Soap Cycling adds plastic bottles to recycling effort

Not-for-profit collects more than half a metric ton of plastic shampoo bottles in the first half of 2018.


Soap Cycling, a Hong Kong-based not-for-profit group that collects, repurposes and distributes discarded soap and shampoo from hotels, has recycled some 550 kilograms (more than half a metric ton) of plastic shampoo and soap bottles from hotels in Hong Kong in the first half of 2018.

Although the organization concentrates on the distribution of soap to people in need, it has broadened its efforts to research and develop recycling markets for the single-use plastic shampoo and soap bottles commonly used at hotels. Soap Cycling estimates that some 3 metric tons of the small bottles may be distributed in Hong Kong each month.

The group is exploring additional recycling end markets for the plastic bottles collected, with Soap Cycling General Manager Pat Davis estimating the group has collected some 2 metric tons of plastic bottles by weight thus far in 2018, but has found outlets for just slightly more than one-quarter of that volume.

In a report to stakeholders presented in Hong Kong in late June, Davis said the organization has collected, refurbished and distributed some 2.3 million bars of soap in its five-year existence and some 325,000 bars of soap in 2017 alone.

Some of the soap goes to people in need in Hong Kong, including elderly people on fixed incomes, while much of the rest goes to poor, rural communities in the Philippines.

Davis said Soap Cycling assembled and distributed some 5,500 “hygiene kits” in the first half of 2018, with these including repurposed soap and other items needed by people with limited incomes.
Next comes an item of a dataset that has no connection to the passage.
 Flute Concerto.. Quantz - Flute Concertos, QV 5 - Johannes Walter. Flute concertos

He said the organization also has delivered about half a metric ton of repurposed soap to the Philippines so far this year.

Soap Cycling is gathering corporate support and seeking volunteers for an August 2018 trip to the Philippines designed to offer not only soap and hygiene kits, but also public health services to people suffering from stomach ailments, skin rashes and other hygiene-related illnesses. Davis says Soap Cycling works with the International Care Ministries not-for-profit to bring soap to the same places where new water treatment or purification plants have been established, thus bringing two health and sanitation upgrades in tandem.
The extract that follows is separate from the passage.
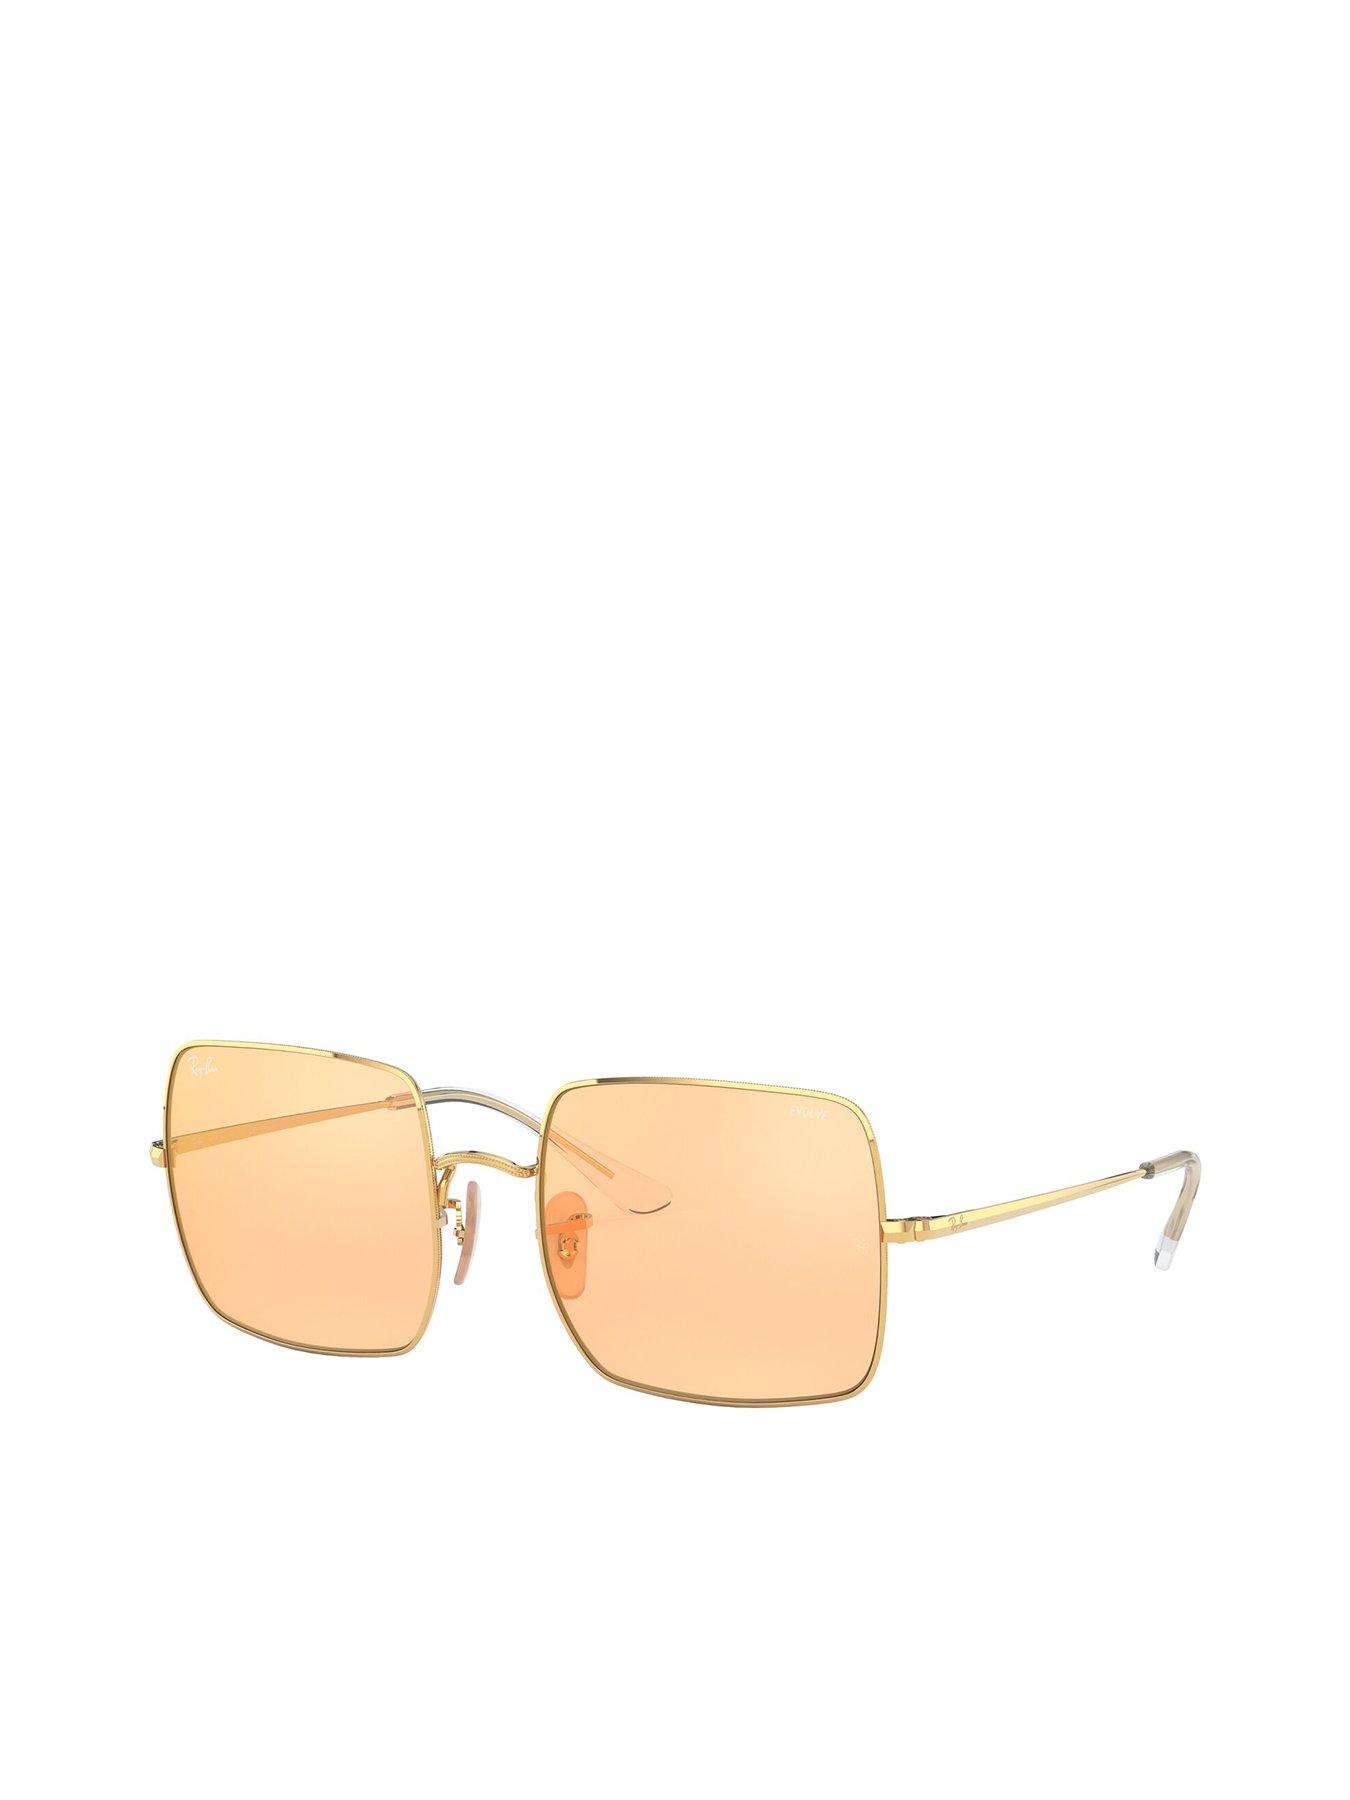 Women Square Sunglasses - Shiny Gold

Soap Cycling was founded by University of Hong Kong (HKU) law students in 2012, who worked in close cooperation with faculty member David Bishop. The group’s co-founding sponsor is the Hong Kong-based Chow Tai Fook Charity Foundation, which provides support by donating warehouse space where Soap Cycling conducts its processing and packaging activities.

Bishop and Davis have tied HKU students (and now students at a nearby university in Shenzhen, China) into the Soap Cycling effort, allowing them to gain experience in marketing, logistics, accounting, human resources and other disciplines by serving as a highly coordinated volunteer staff for the nonprofit.

The students help recruit and manage additional volunteers drawn from Hong Kong’s business community, other schools, faith organizations and the large community of maids or “domestic helpers” who work in Hong Kong. Davis says in an average year some 3,000 volunteers play a part in Soap Cycling’s efforts.

Davis says the Soap Cycling effort has enjoyed reliable support from corporate sponsors, including financial institutions such as Credit Suisse, Morgan Stanley, Goldman Sachs and State Street Financial and freight forwarding firm Kuehne + Nagel.

Solid soap bar processing involves the use of a small grinding machine, a mixing process and a compressing/extrusion process to create new bars. Although Soap Cycling has concentrated on solid soap bars, which Davis says are the mainstay of soap used at upscale hotels in particular, the group also has developed a process to recycle leftover liquid soap—and the plastic bottles that come along with them.

The recycled and repackaged soap can ultimately save lives. The United States-based Centers for Disease Control estimates that “washing hands with soap and water could reduce diarrheal disease-associated deaths by up to 50 percent” globally.